# Material provided:

• • • • • • •

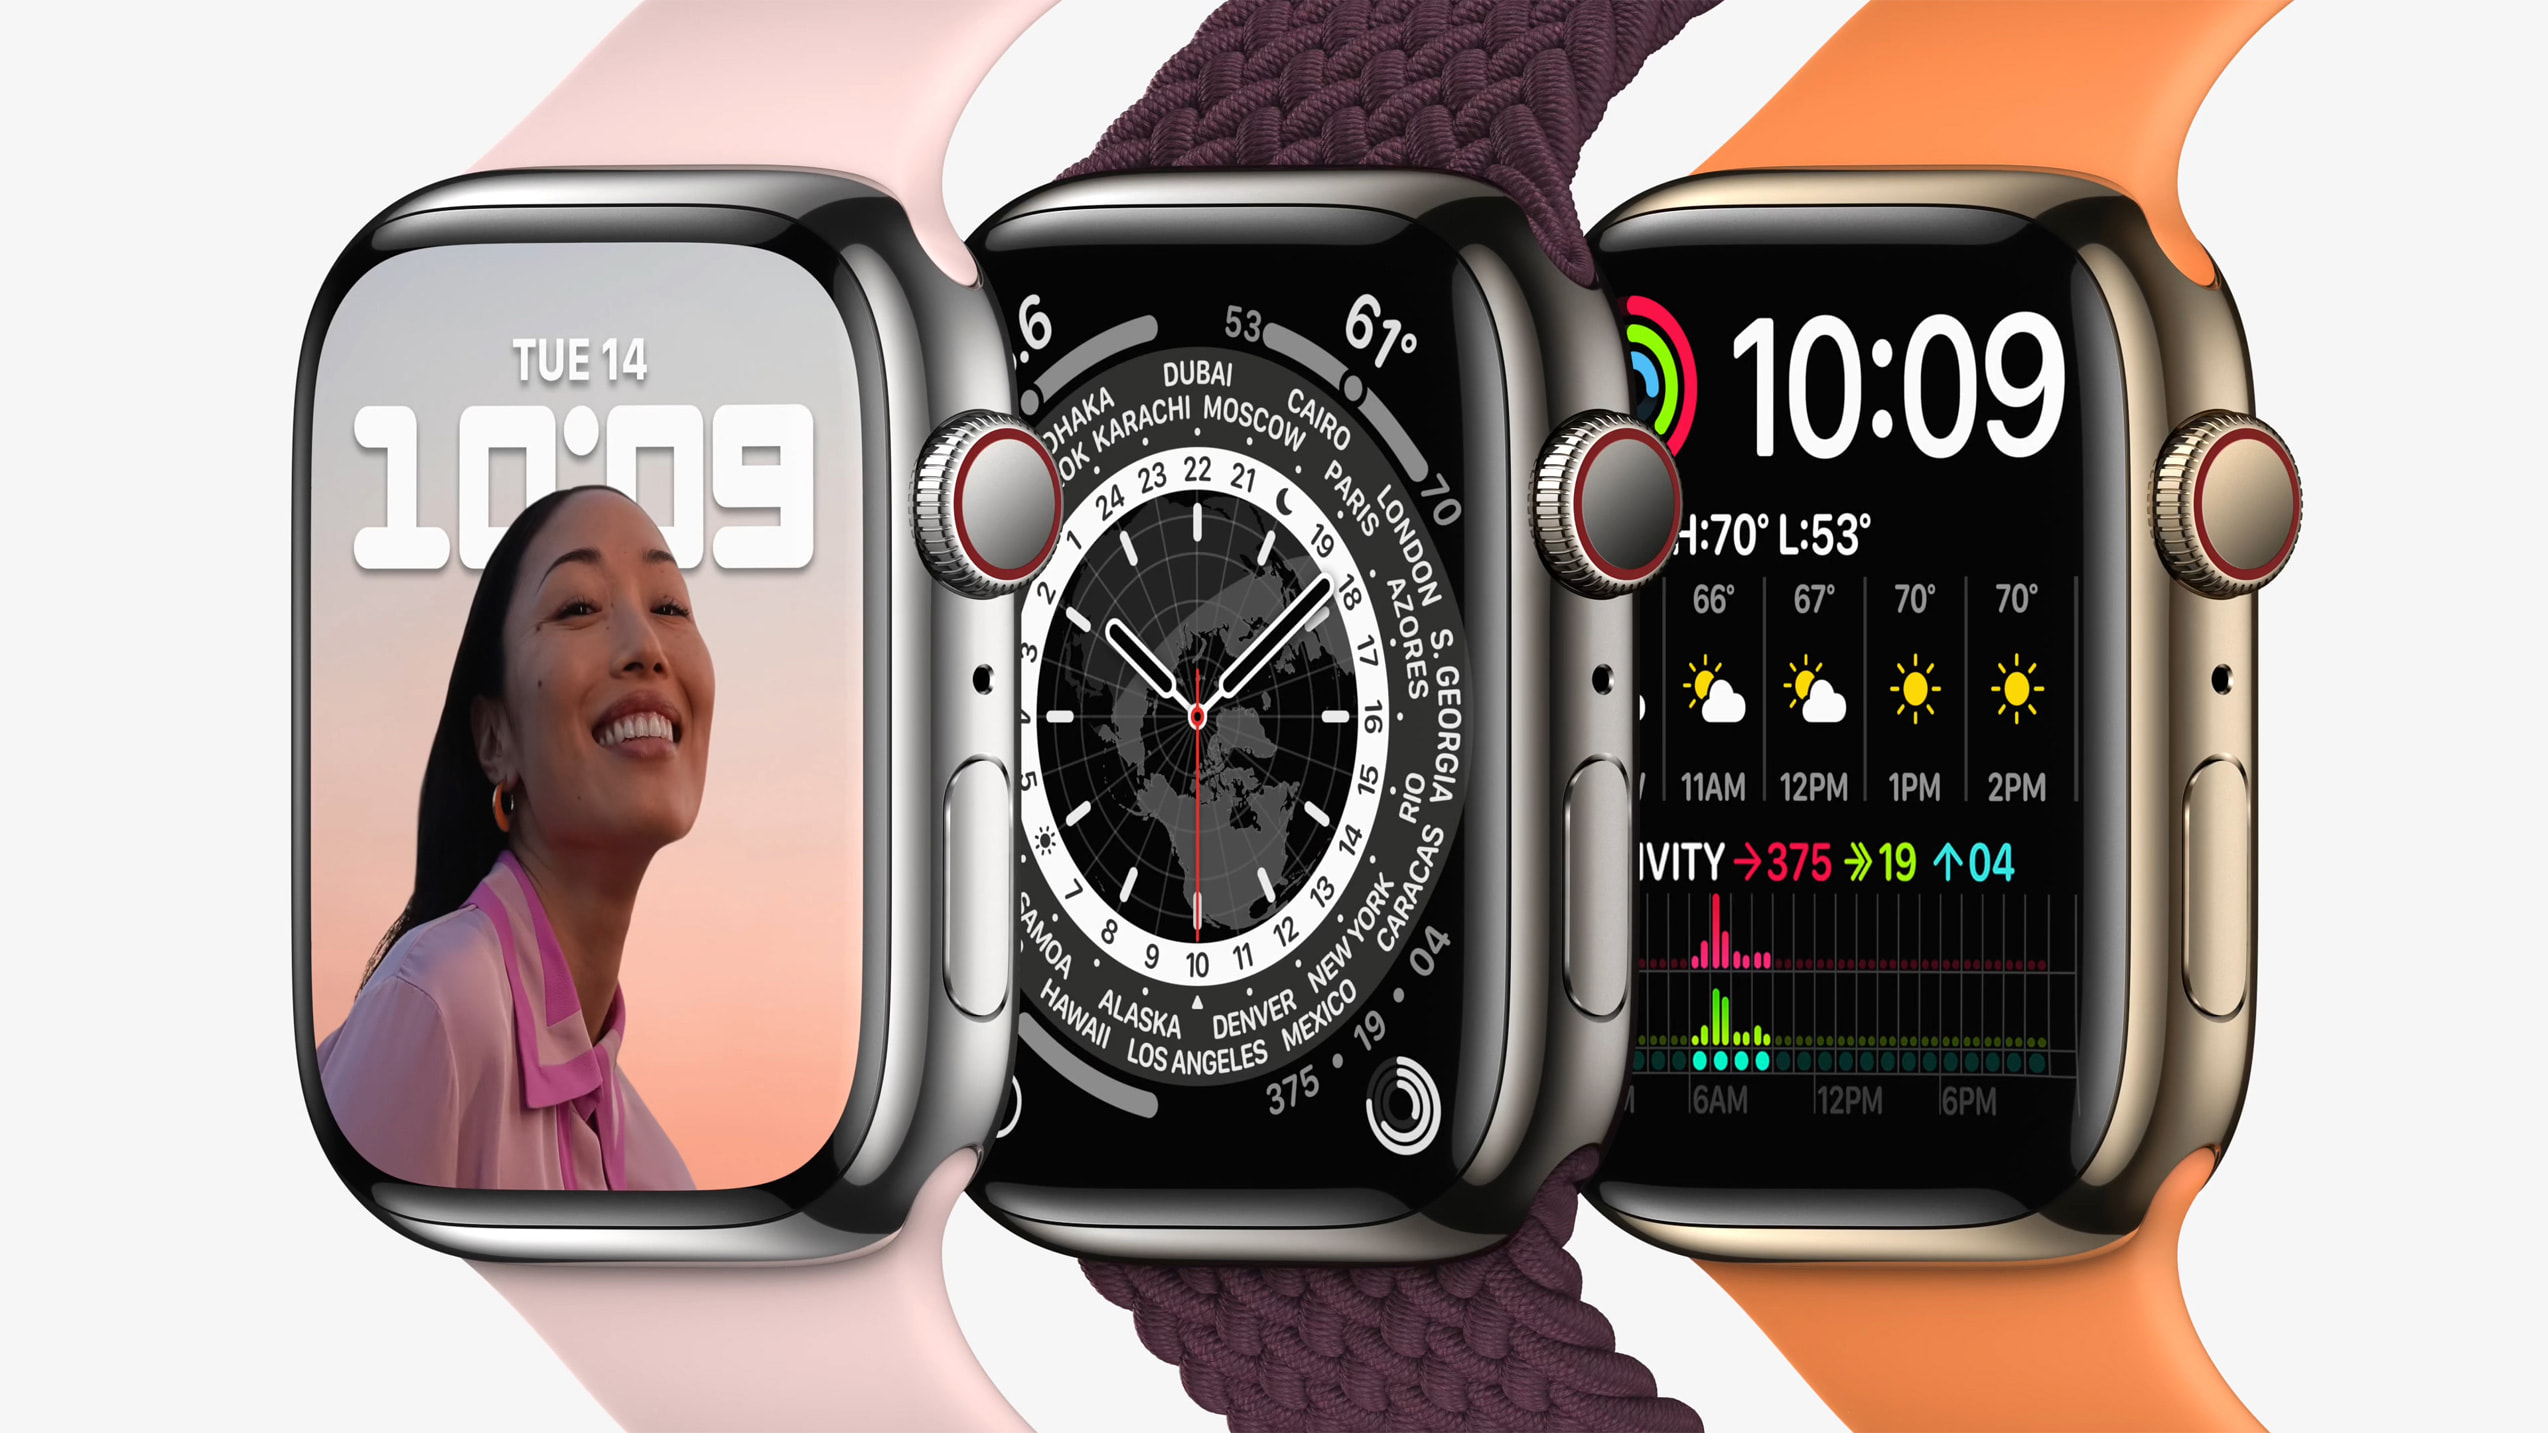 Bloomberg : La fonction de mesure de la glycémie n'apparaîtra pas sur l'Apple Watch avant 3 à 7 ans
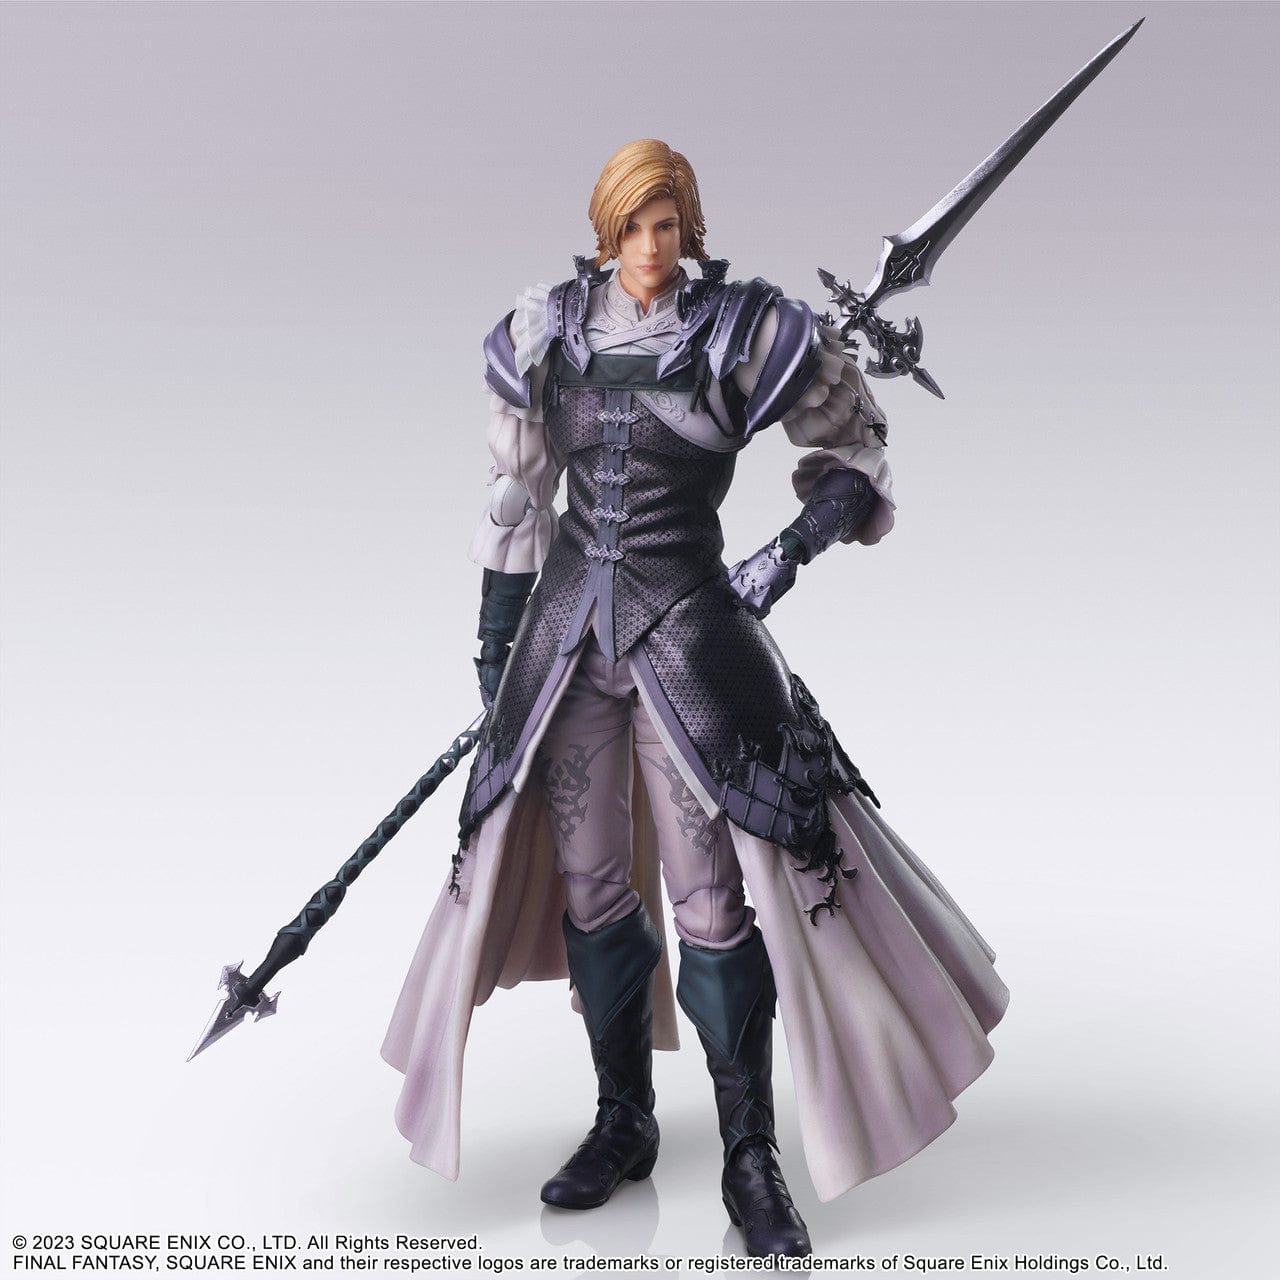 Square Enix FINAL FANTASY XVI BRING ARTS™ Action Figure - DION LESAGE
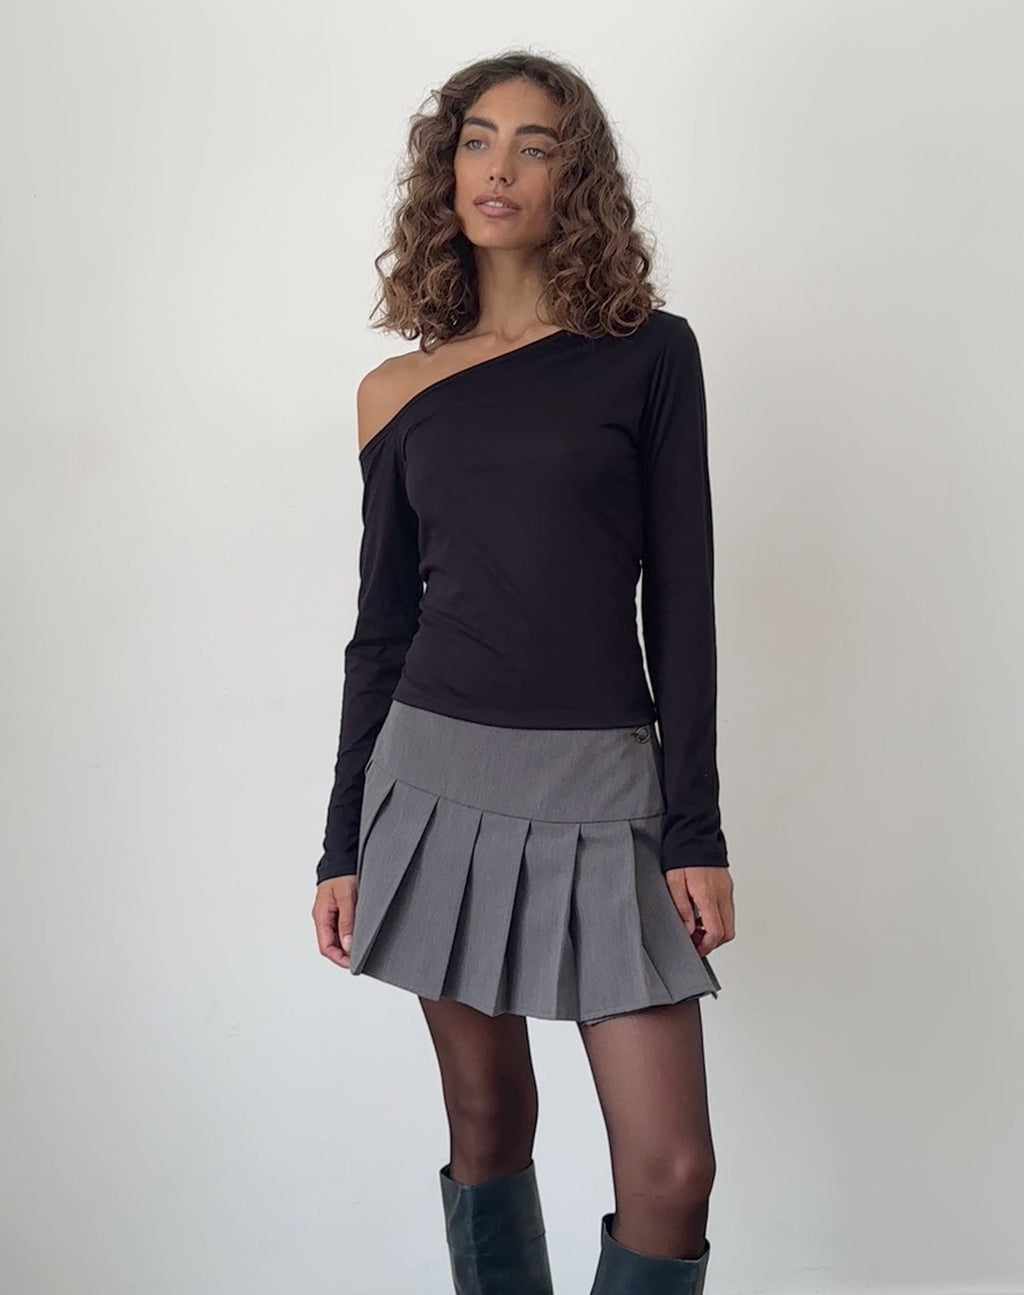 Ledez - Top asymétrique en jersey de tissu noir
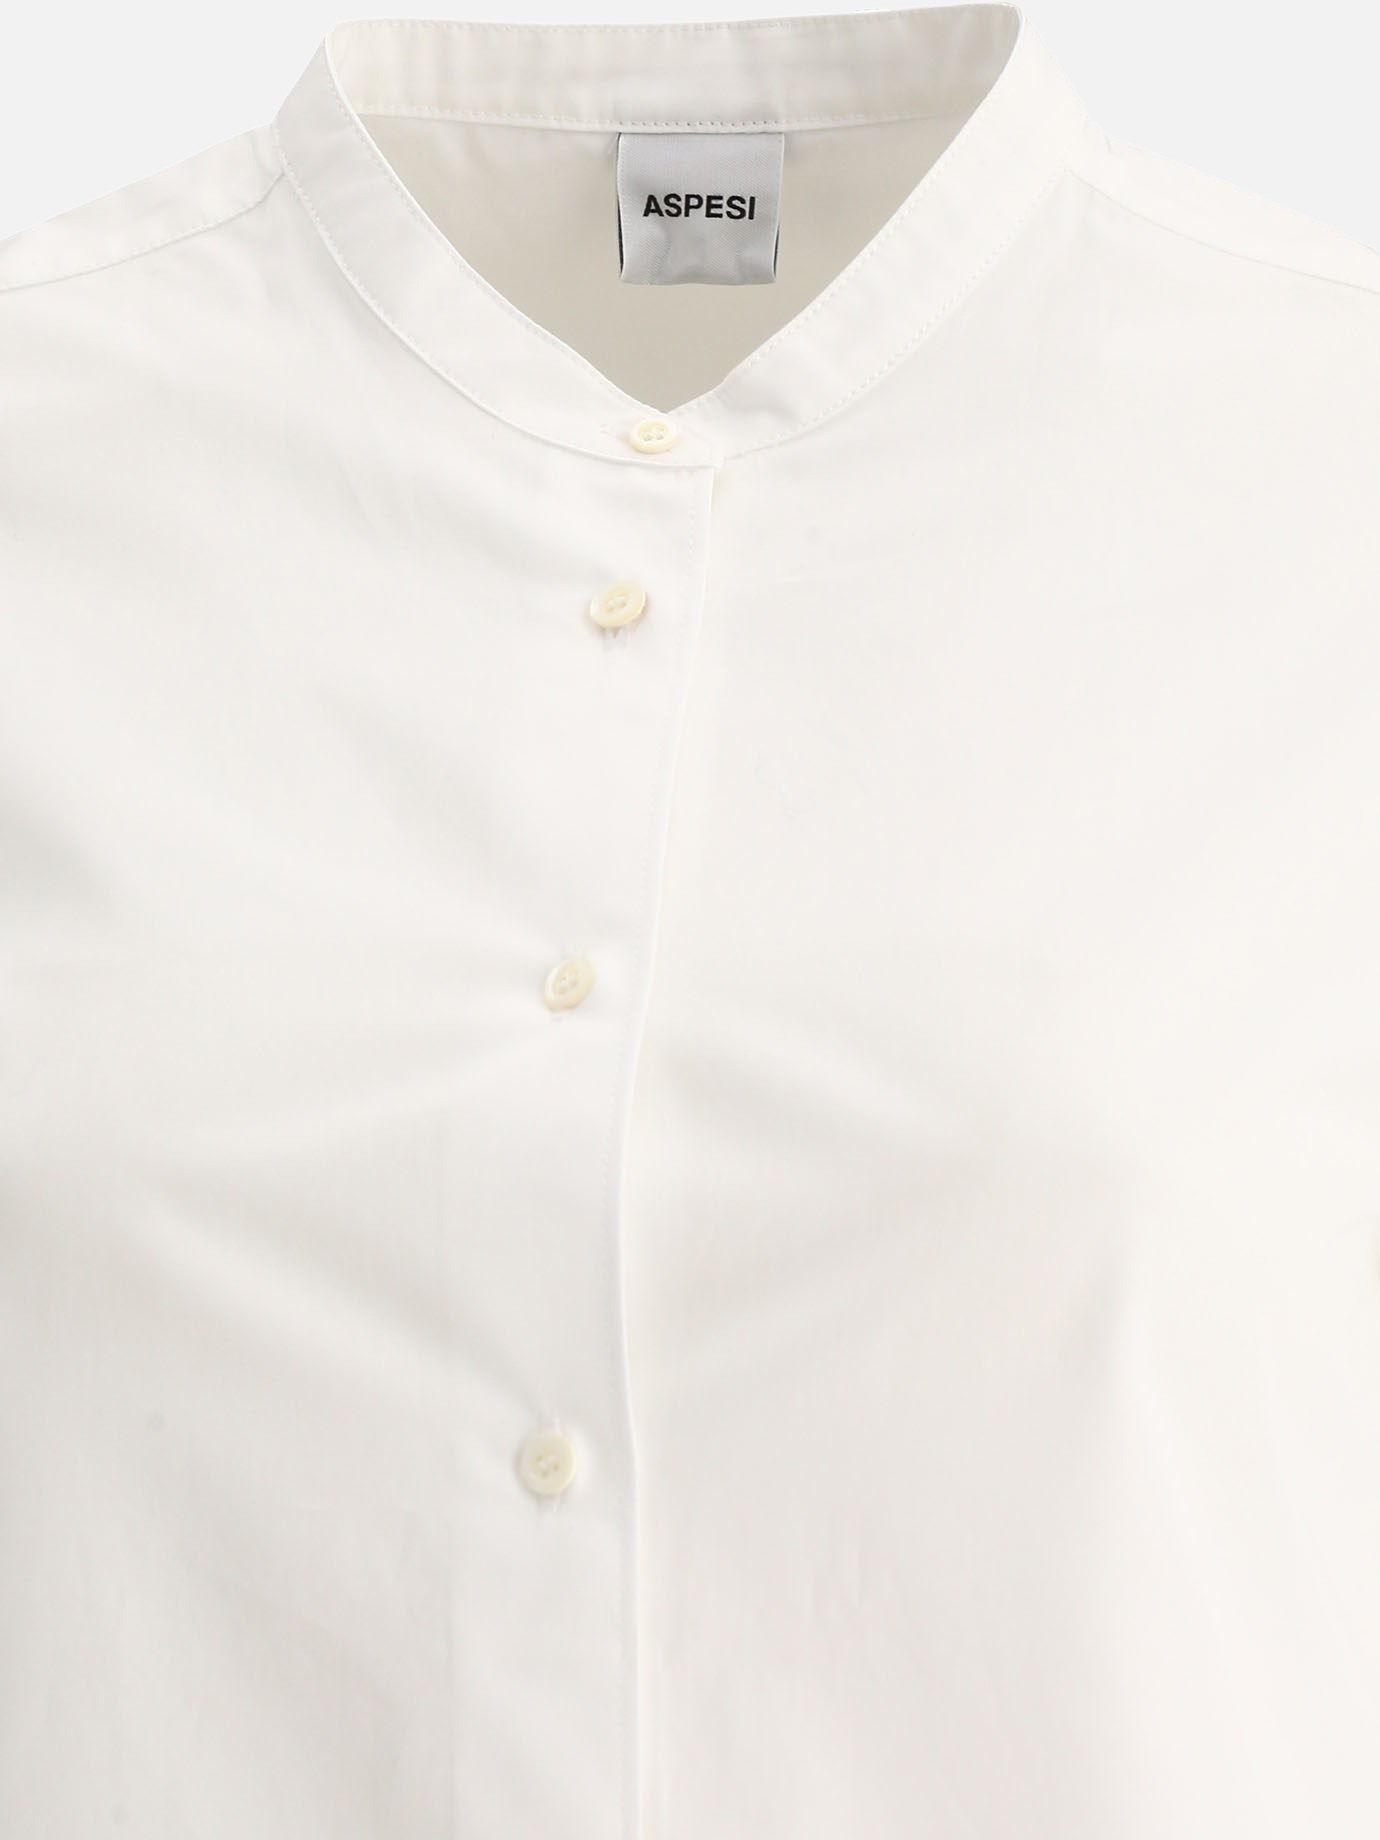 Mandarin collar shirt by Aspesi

• • • • • • •

# Work task:
Quote in full the listing given above; the images are to be left out.

# Answer to the exercise:
 Bloomberg : La fonction de mesure de la glycémie n'apparaîtra pas sur l'Apple Watch avant 3 à 7 ans
 Square Enix FINAL FANTASY XVI BRING ARTS™ Action Figure - DION LESAGE
 Ledez - Top asymétrique en jersey de tissu noir
 Mandarin collar shirt by Aspesi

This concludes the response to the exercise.